Sadece insanın değil pek çok varlığın evrensel yazgısı, “aramak”. İnsan, huzuru, sağlığı, başarıyı, zenginliği, şöhreti ve daha nice şeyleri arar. Karınca da arı da bir arayış içerisinde. Lakin, varlıklar aleminde en meşakkatli ve değerli olan muhakkak ki insanın arayışıdır. Çünkü o pek çok çeldirici arasında doğru olanı aramak ve hakikati bulmakla sorumlu tutulmuştur. Çünkü ona diğer hiçbir varlığa verilmeyen irade gücü ve seçme hürriyeti armağan edilmiştir.
İnsanın arayışı bir yerde bitmiyor, nihayete ermiyor. Tam buldum ve artık her şey tastamam sandığımız anda anlıyoruz ki bazı şeyler hala eksik. Ve sonra tekrar yeni arayışlar başlıyor. Nihayeti olmayan bu arayış döngüsünde iki husus çok önemli. Zira bu iki şeye dikkat etmezse, insanın hüsrana uğraması kaçınılmaz olur. Birincisi doğru olanı aramak; ikincisi doğru yerde aramak.
Doğru olanı aramak, insanın bir ayrıcalığı olduğu gibi aynı zamanda sorumluluğudur. Çünkü insana fazilet ve mahcubiyet içeren şeyleri ayırt edebilmesi için akıl ve kalp verilmiştir. Zira Allah son kitabı Kuran-ı Kerim’de insana nasihat ederken; “Hiç akıl etmez misiniz?” “Hiç ibret almaz mısınız?” “Hiç ders çıkarmaz mısınız?” diye o kadar çok telkin de bulunur ki! Sahi, akıl etmemekte, ders çıkarmamakta ve ibret almamakta neden bu kadar direniyoruz?
İnsanın arayışındaki ikinci önemli husus ise aradığı şeyleri doğru yerde aramasıdır. Peki, doğru yer neresidir?

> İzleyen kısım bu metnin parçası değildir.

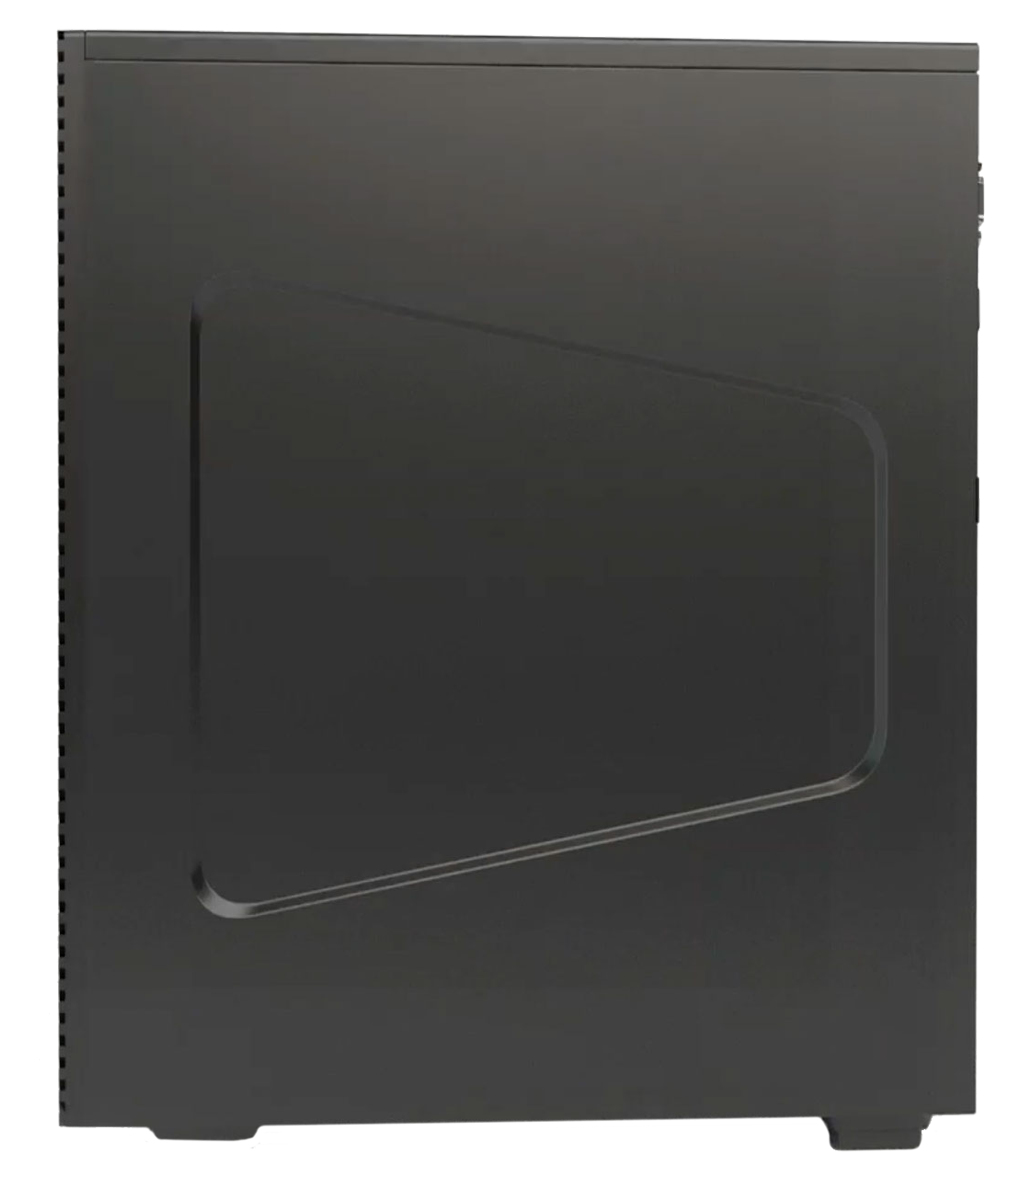 CASE ITEK SMALLCOM-G 500W BLACK USB 3.0 m-ATX

“Kendi dışımızda nereye koştuysak gurbette kaldık” der Merhum Nurettin Topçu. Evet, insan aradığı şeylerin çoğunu ancak kendi içinde bulabilir. Zira, özümüzden ve içimizden uzaklaştıkça daha mutsuz, daha umutsuz, daha yalnız ve doyumsuz bir varlığa dönüştük. Çünkü insanın biyolojik, ruhsal ve toplumsal boyut olmak üzere üç yönü vardır. Dolayısıyla insanın, salt bedensel ve hedonist bir tatminle, kendi dışında olan şeylerle arayışlarını nihayete erdirmesi ve aradığı saadeti bulması mümkün değildir.

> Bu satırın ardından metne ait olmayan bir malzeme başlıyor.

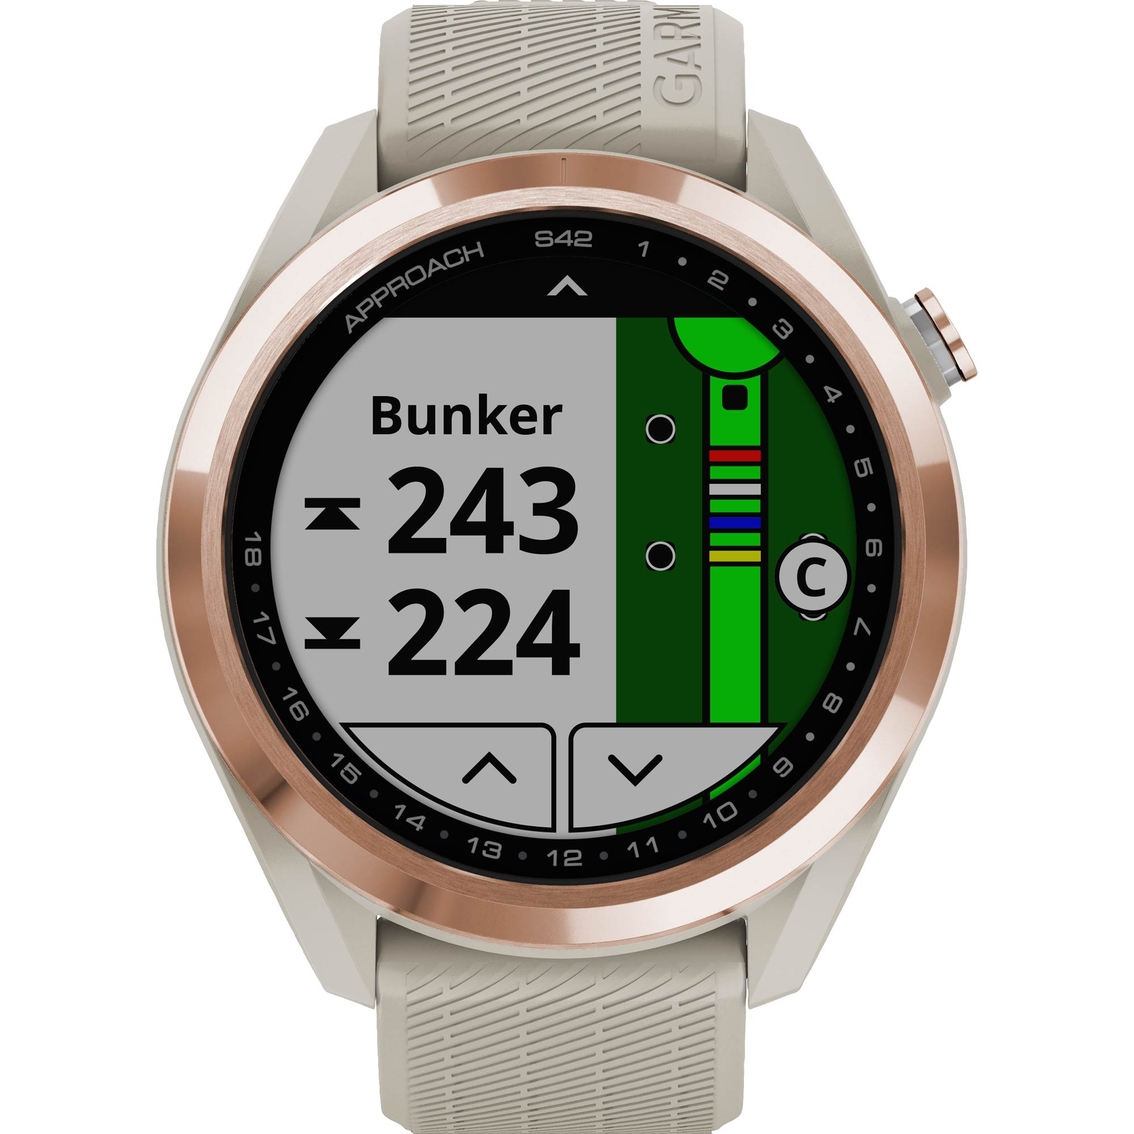 Garmin Approach S42 GPS Golf Smartwatch - Image 3 of 5

İnsan bir inanma güdüsüyle, fıtrata uygun bir şahsiyet üzerine ve bir kültür içerisinde yaratılır. Yaşı ilerledikçe ve özerkleştikçe bu fıtri ve tabii özelliklerine uygun tercihlerde bulunup, yaşamını da bu zemin üzerine inşa ettiğinde kendisiyle ve toplumla uyumu güçlenir. Aksi durumlarda ise bu uyum bozulur hatta kaybolur.

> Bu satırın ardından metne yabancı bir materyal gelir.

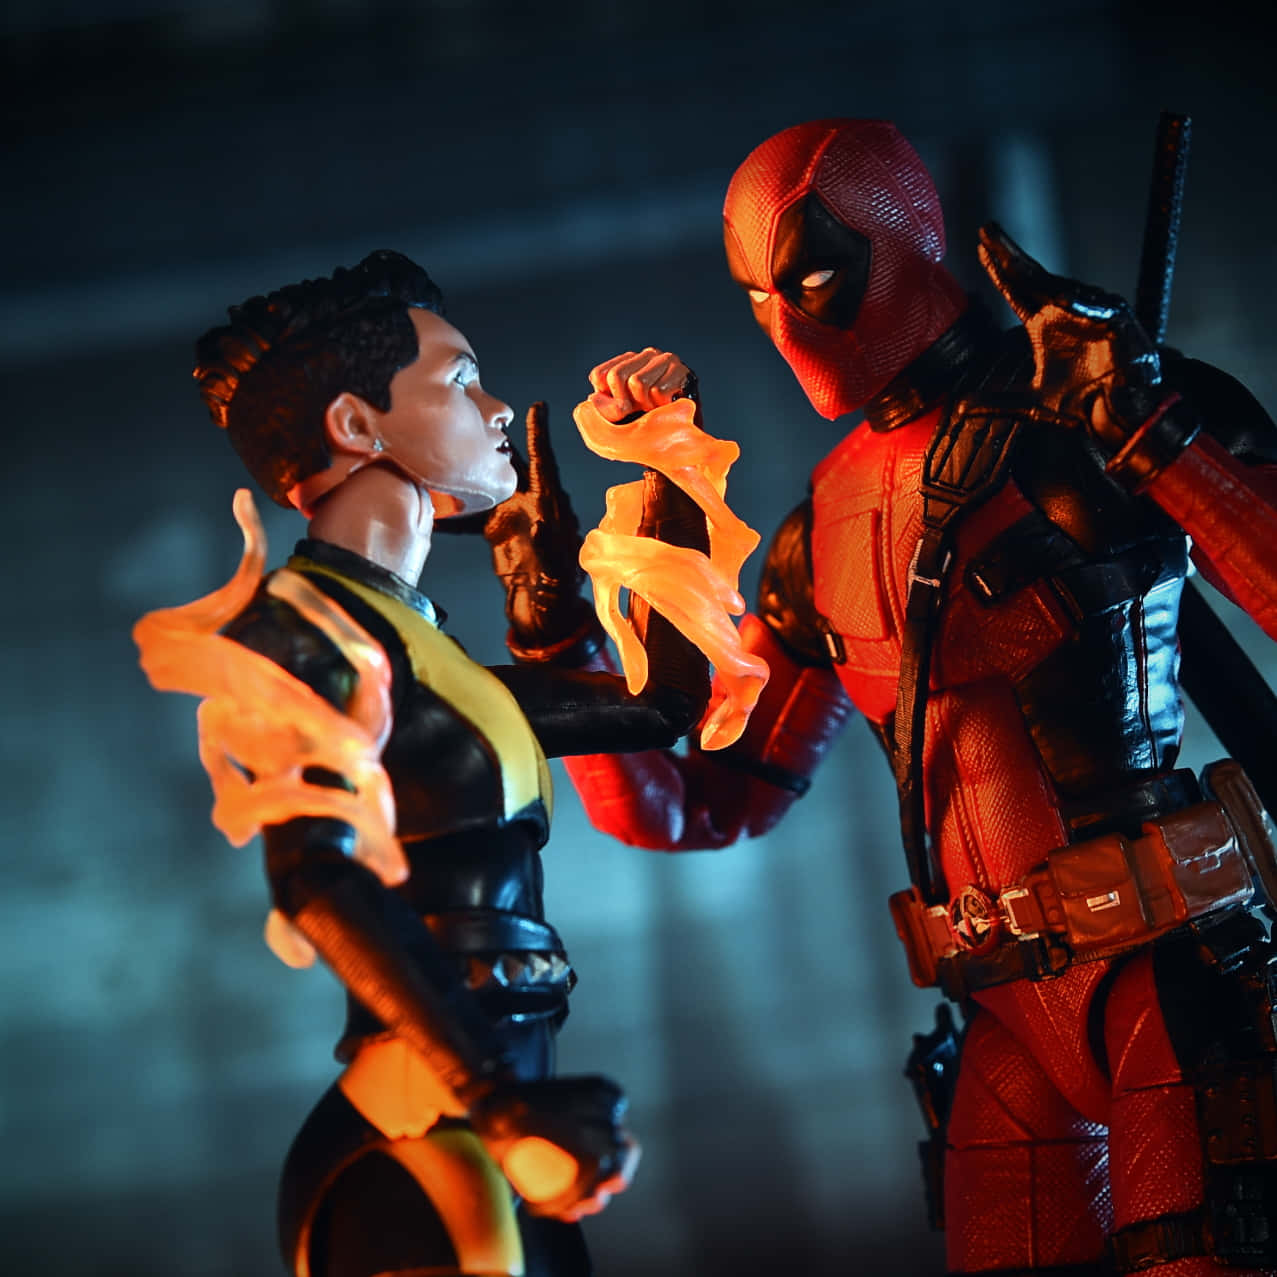 Deadpool and Negasonic Teenage Warhead in action Wallpaper

İnsanın binlerce yıldır aradığı şey aslıdır. Yani ruhumuz gerçek sahibini; Halik’ını aramaktadır. İnsanın arayışının nihayete ermesi ve teskin olması ancak bu şekilde mümkün olacaktır. Mecnunu, Leyla’nın ardına düşüren şey de bundan başkası değildi. Rabbimiz Secde Suresi 9. Ayette; “Sonra ona düzgün bir şekil vermiş ve ruhundan ona üflemiş…” buyurmaktadır.
O vakit ara sıra da olsa dünyanın aldatıcı ışıklarıyla körelmiş gözlerimizi gönlümüze ve ruhumuza çevirelim. Dışımızdaki makine ve korna sesini biraz kısalım ve içimizdeki nağmelere kulak verelim. İçimize döndüğümüzde bize insan olduğumuzu, buraya ait olmadığımızı ve bir hesap günü olduğunu hatırlatacak bir kalp bulacağız. İçimize döndüğümüzde ışığını sonsuzluktan almış yıldızlarla dolu bir gökyüzü bulacağız.
Bunca zamandır sorularımızın cevabını dışımızda aradık, yorulduk ve sükût-u hayale uğradık. Şayet dönebileceğimiz bir içimiz kalmış ise ona dönelim ve suallerimizin cevabını bir de içimizde arayalım. Artık dışımızdaki bu gurbetten evimize yani içimize dönme vakti gelmedi mi?